*Exercise objective*: Find "China GDP per capita 1980-2020" below and begin at its line; stop after the line with "TechHub Asia profile on Qualified.One". Output those lines exactly, without pictures.

*Records shown*:
┌────────

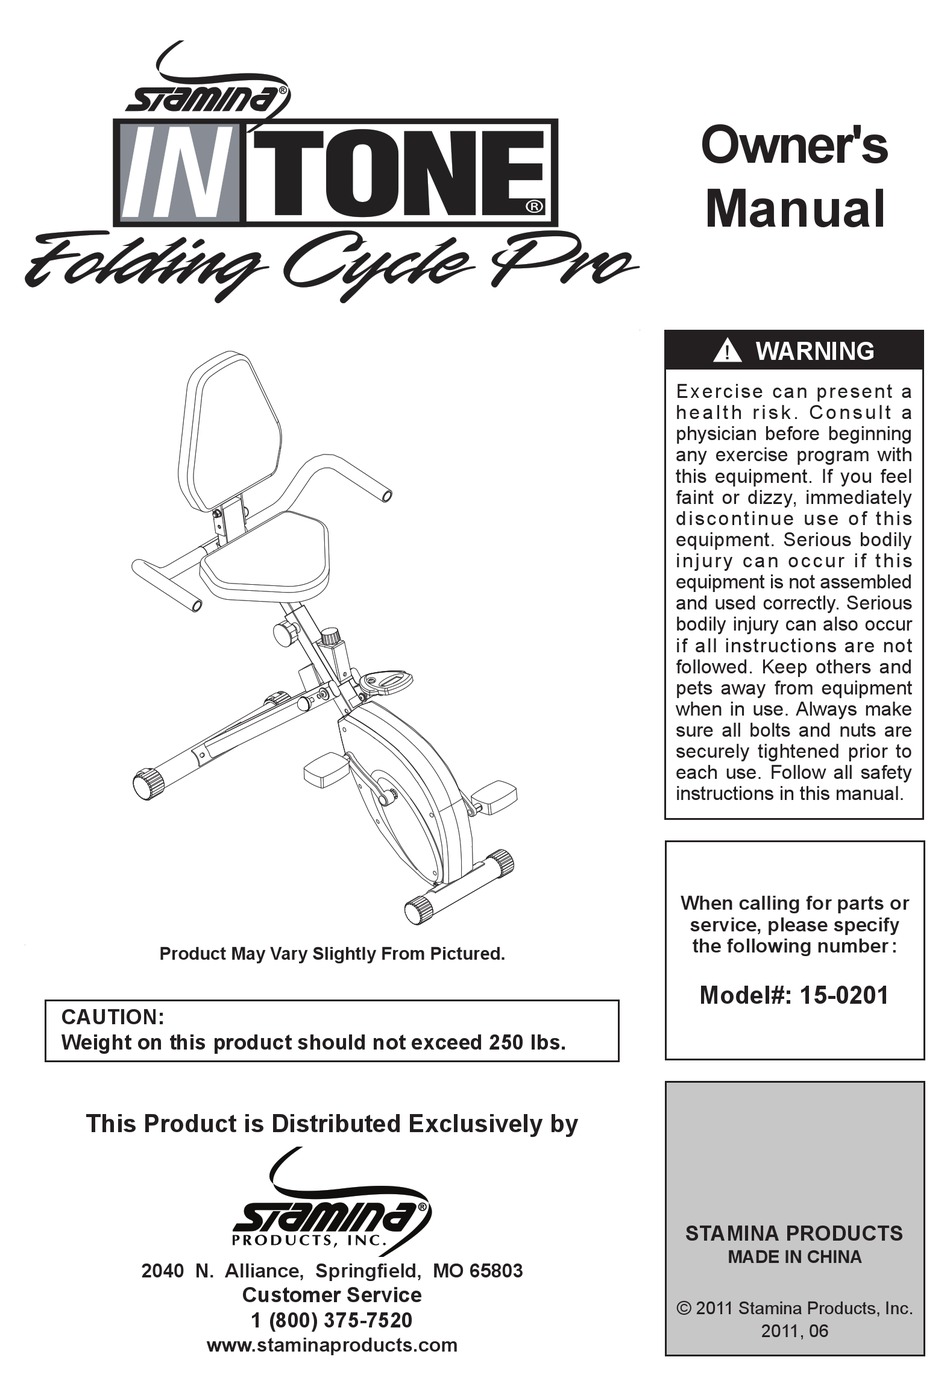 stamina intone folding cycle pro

└────────
┌────────

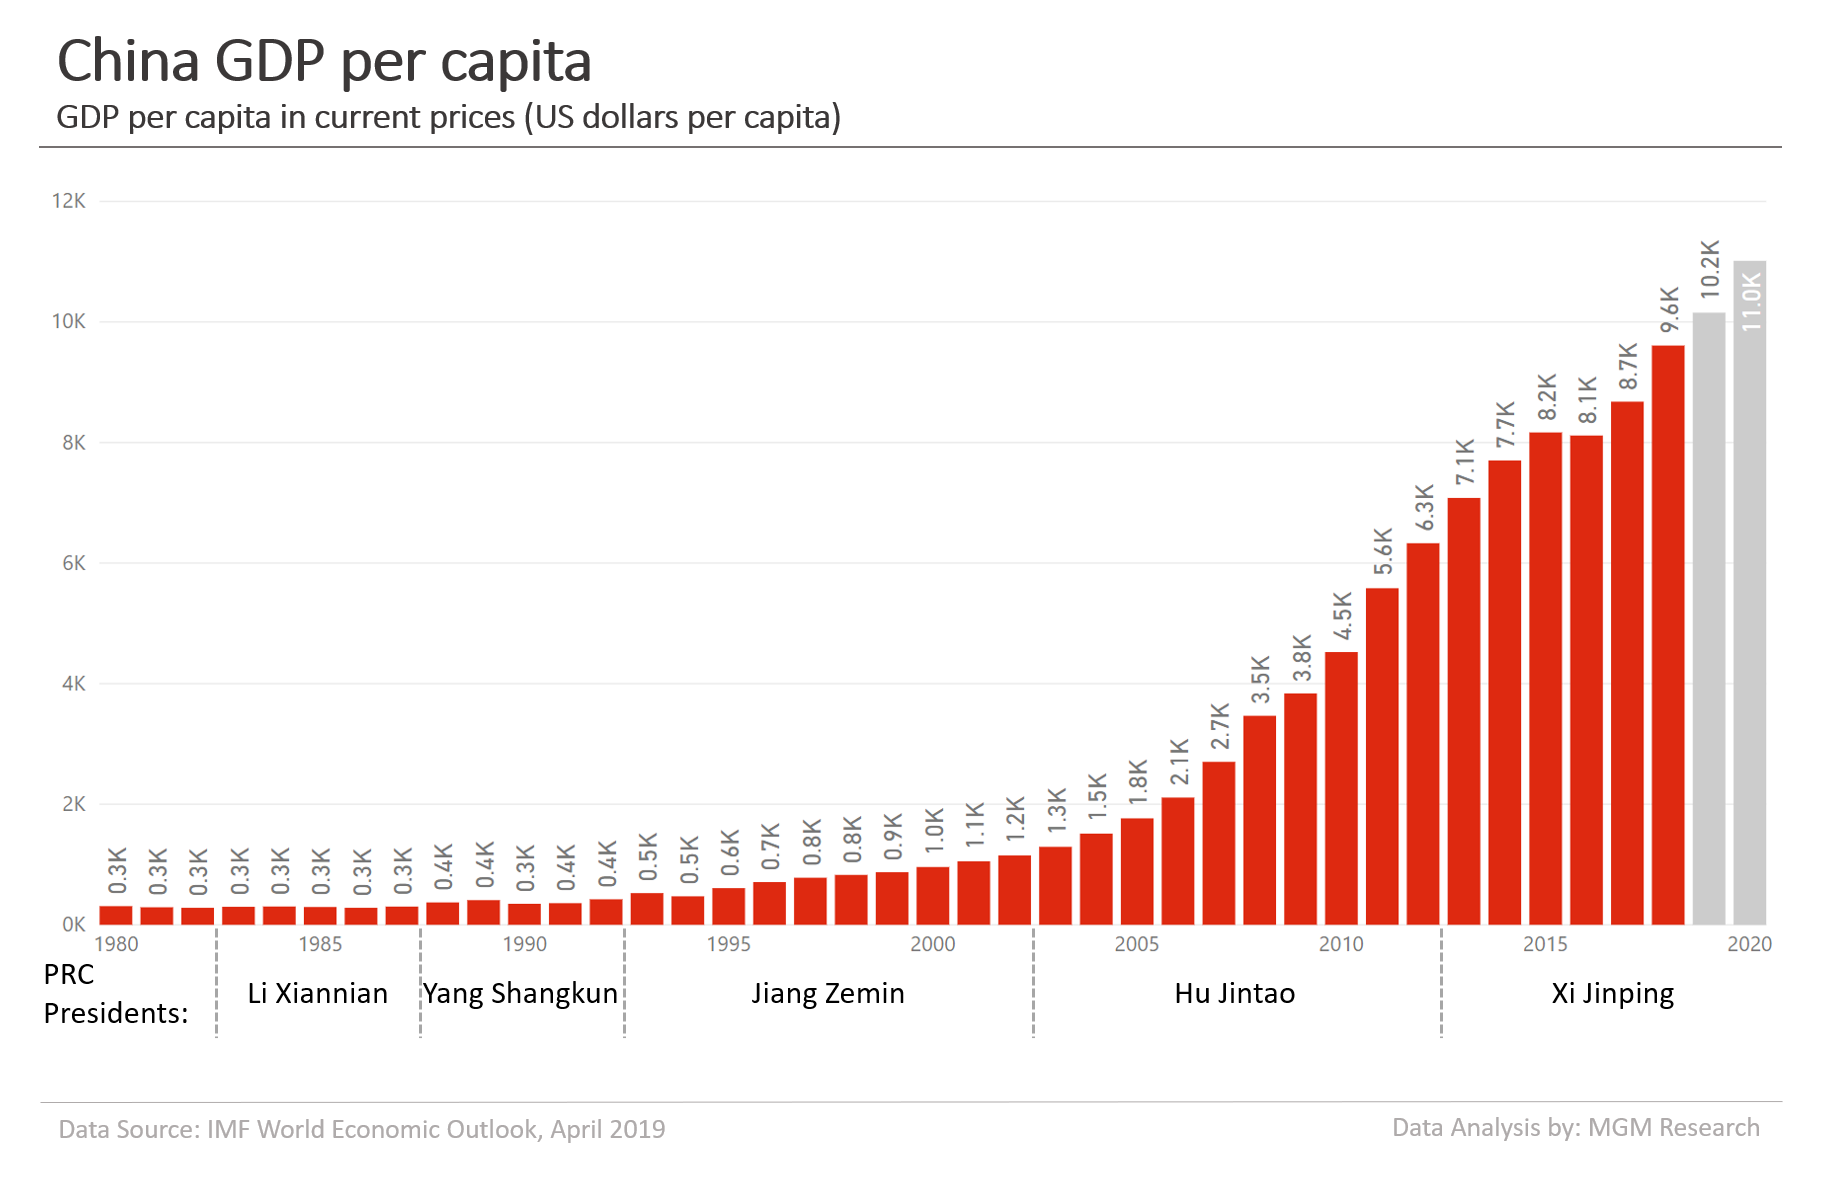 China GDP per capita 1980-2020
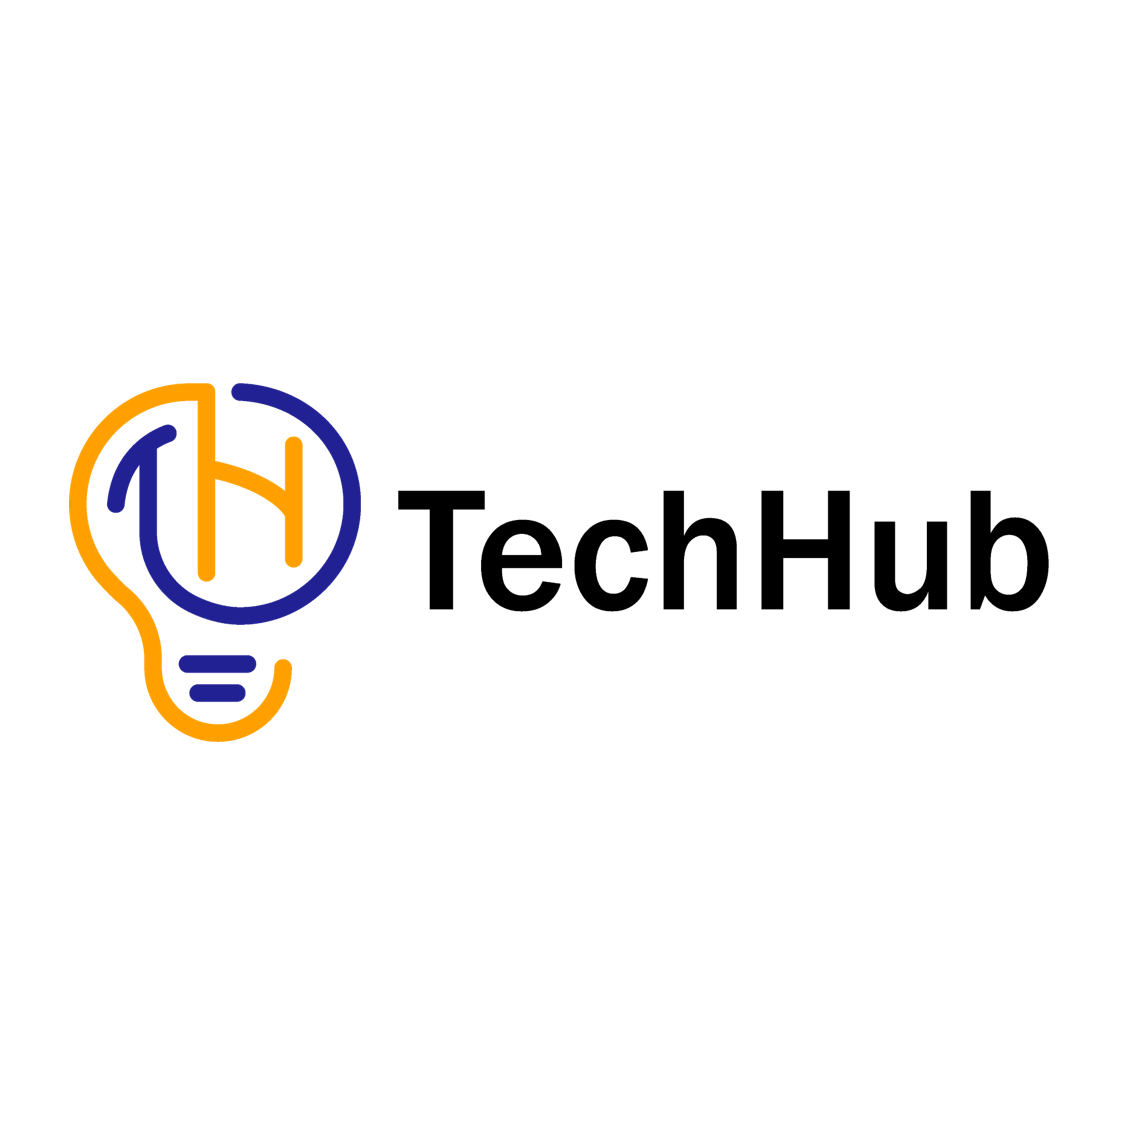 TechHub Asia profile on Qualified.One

└────────

*Result for this task*:
 China GDP per capita 1980-2020
 TechHub Asia profile on Qualified.One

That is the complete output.